== Required action ==
Using the records below, return exactly the lines from the one containing "گردنبند استیل نماد" through the last, and omit pictures.

[Material for this task — start]

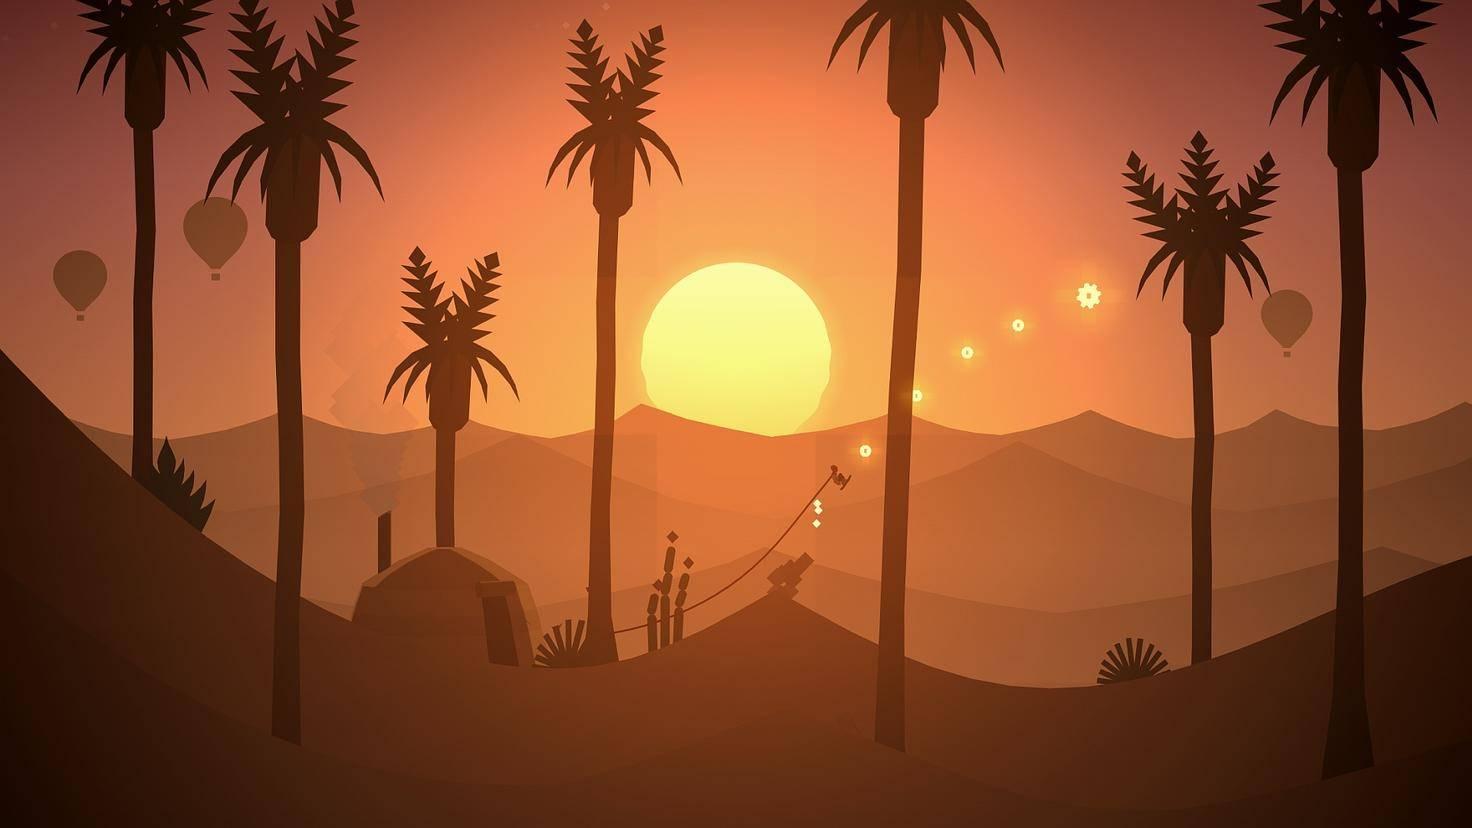 Alto boardet in den Sonnenuntergang.
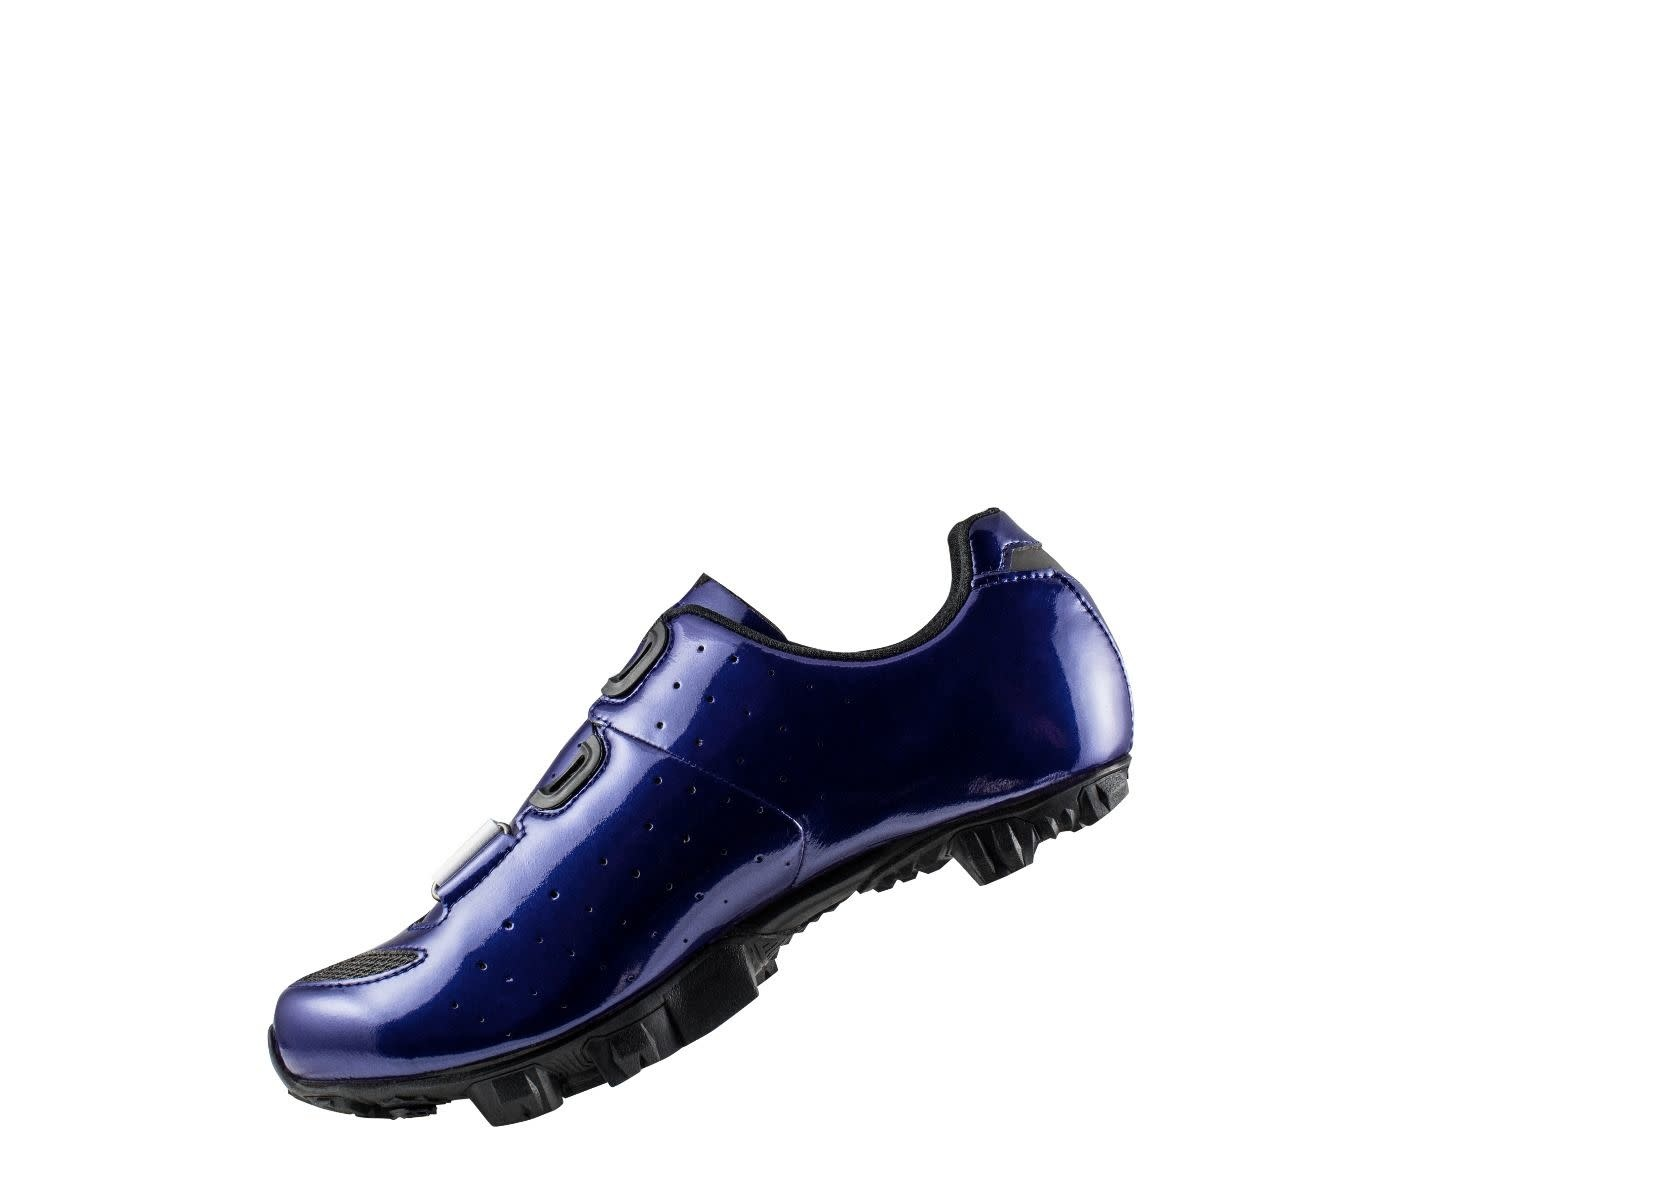 LAKE Lake MX176 Navy Blue/White 44 Cycling Shoes
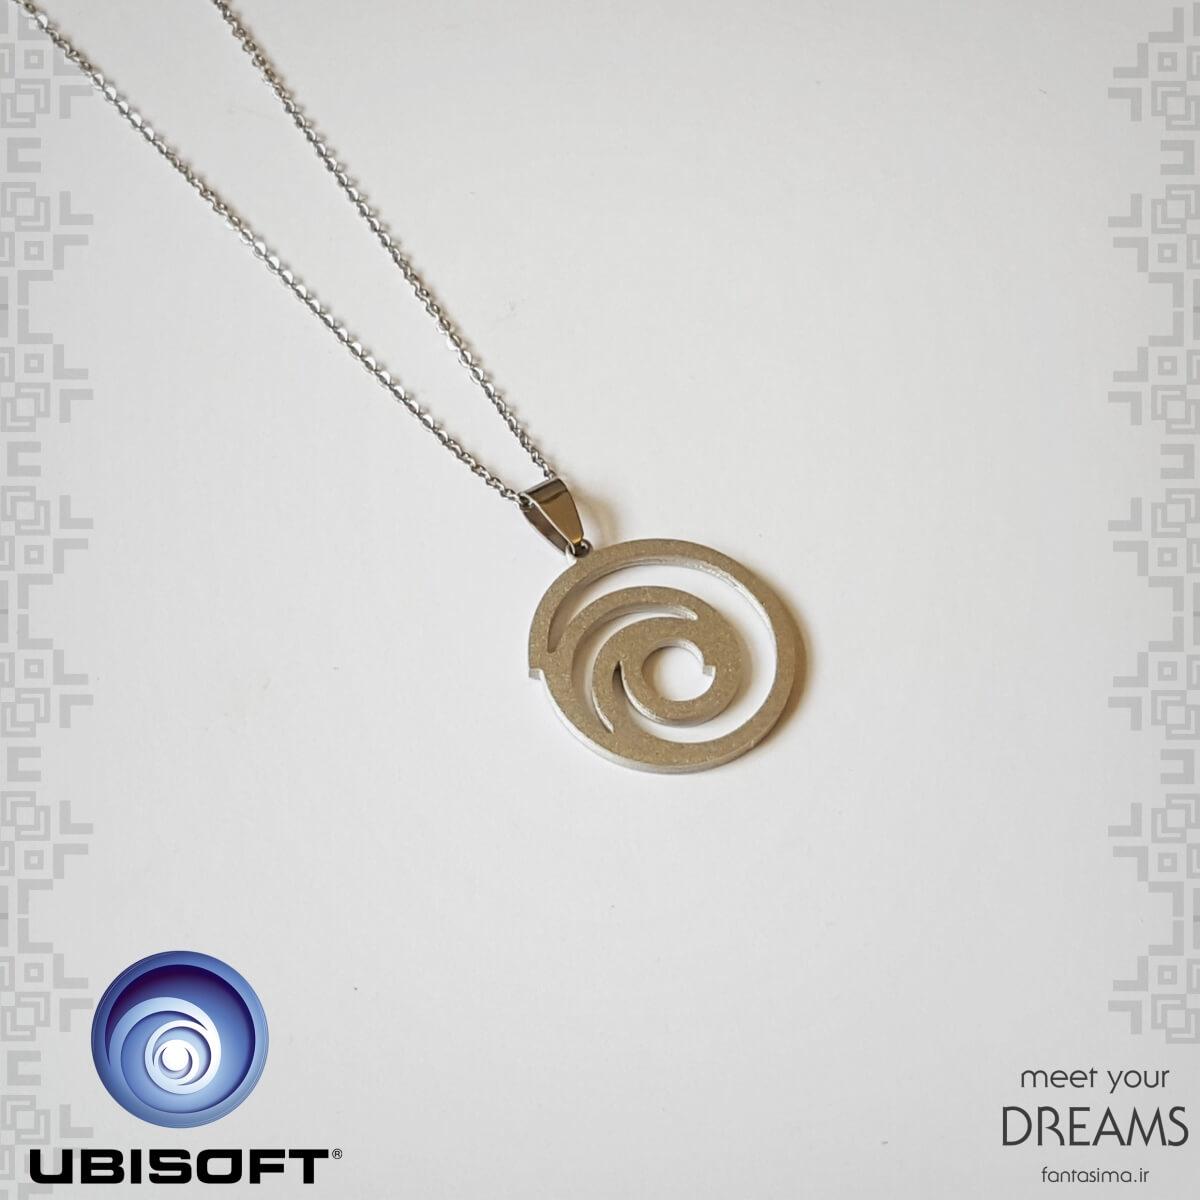 گردنبند استیل نماد یوبی سافت  - مات
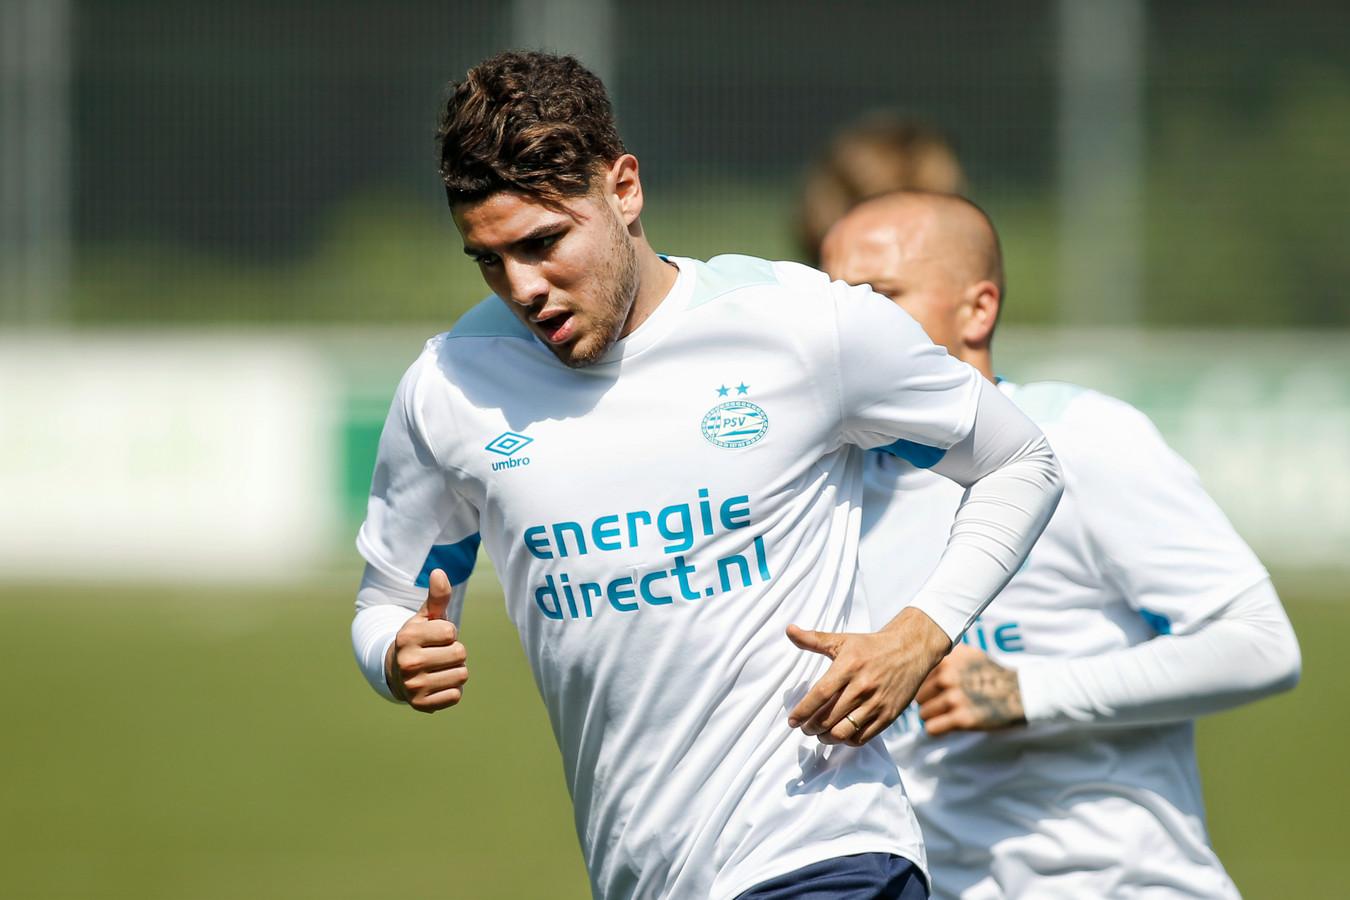 Maxi Romero tijdens de eerste training van PSV. Angeliño volgt hem.
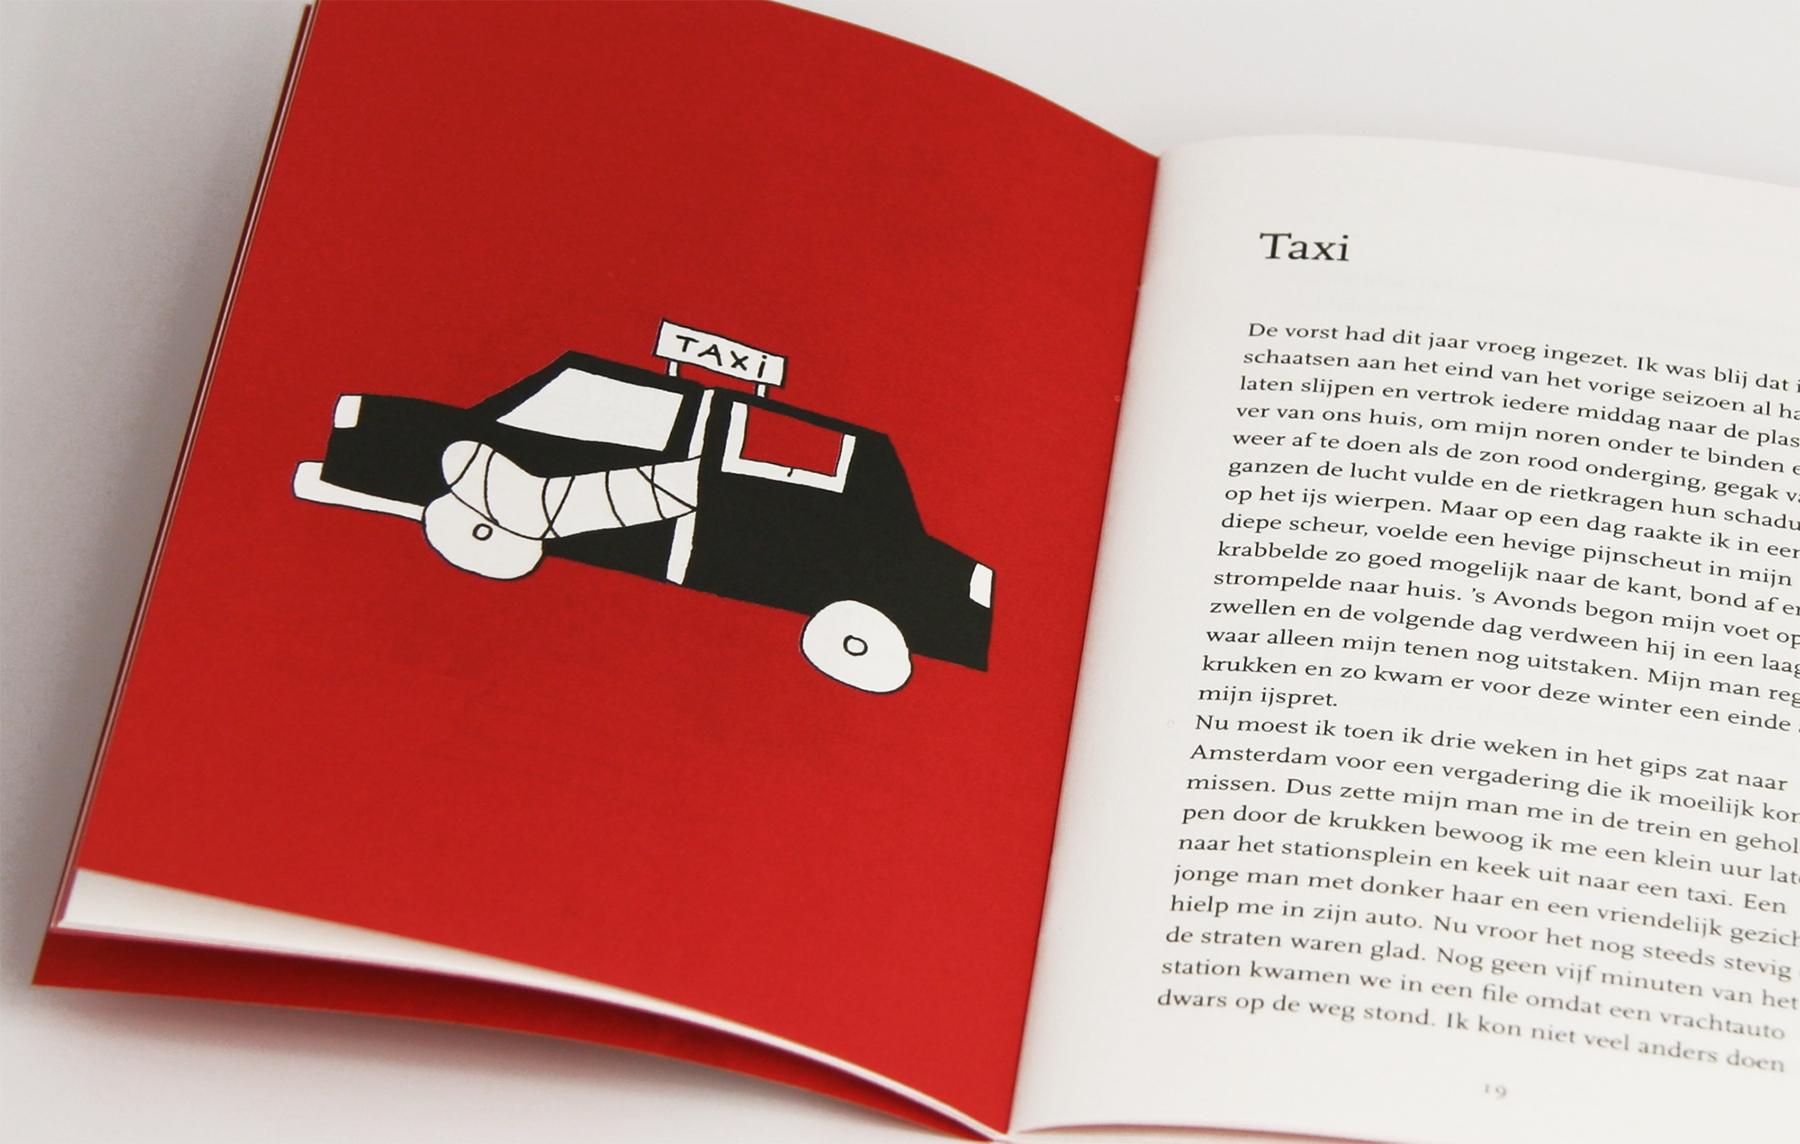 Kerstverhaal rode boekje taxi gebroken been

[Material for this task — finish]

== Exercise answer ==
 گردنبند استیل نماد یوبی سافت  - مات
 Maxi Romero tijdens de eerste training van PSV. Angeliño volgt hem.
 Kerstverhaal rode boekje taxi gebroken been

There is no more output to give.